On Wed, Jul 29, 2009 at 1:39 PM, Drew Wilson<atwilson at google.com> wrote:
> Agreed that this is a big deal, and is a problem I hadn't considered
> previously. I would assume that browser malware detection would blacklist
> these sites, but I hate to lean on some magical malware detection
> infrastructure too heavily.
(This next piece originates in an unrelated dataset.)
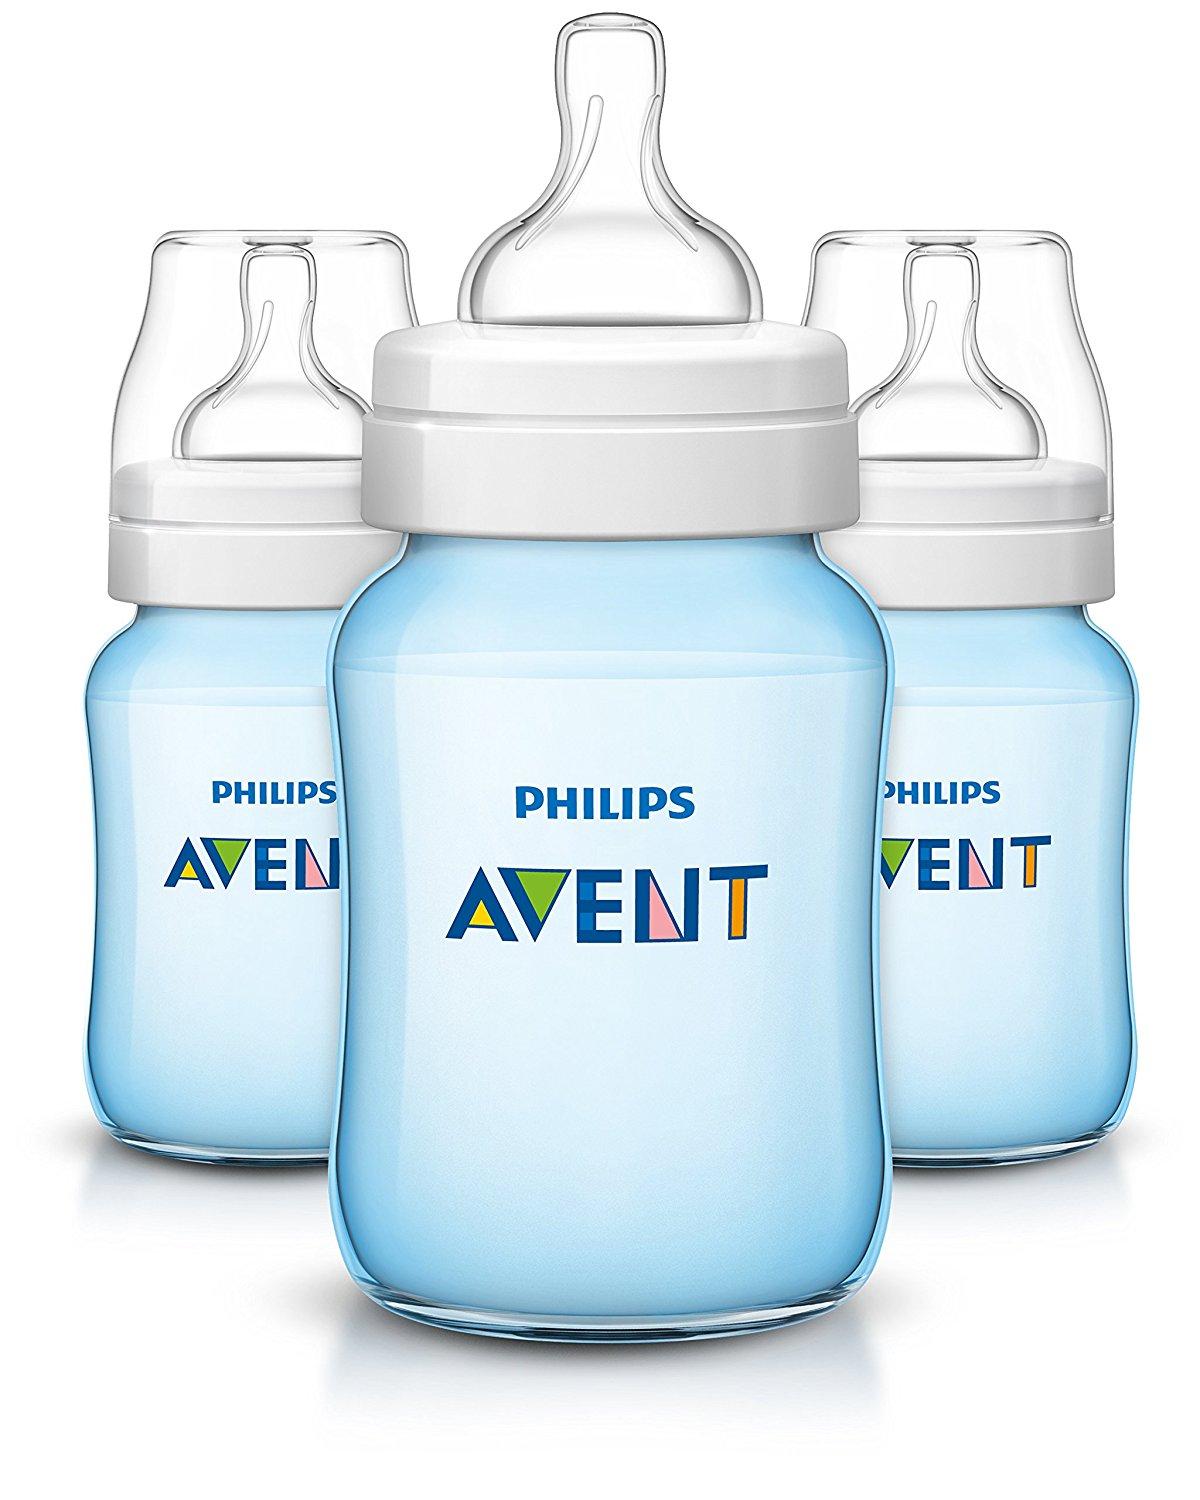 แนะนำ AVENT ขวดนม ขนาด 9 ออนซ์ (BPA FREE) - สีฟ้า (PP) แพ็ค 3 ขวด

This seems like an issue that Apple and
> Microsoft have dealt with for years in their OS offerings - how do they
> handle this?

Why have they dealt with it?  We're talking about trying to break out
of a sandbox, by running code persistently in the sandbox until an
exploit is discovered and you can push out appropriate code to all
infected sandboxes.  I don't see any parallel situation for
general-purpose operating systems.  Not much is run sandboxed on
Windows or Mac.  If you get any unsandboxed code running, then your
exploit is finished.

Theoretically someone could get unprivileged code running on a normal
OS, then wait for a privilege escalation exploit to come along and get
root access then.  But it's rare that a hacker will care about getting
administrative access.  With user-level access you can still steal
private data (probably all of it on a single-user machine) and use
pretty much any system resources you like.  The only thing
unprivileged access won't give you is the ability to freely interfere
with other users on the machine -- it doesn't stop you from joining a
botnet.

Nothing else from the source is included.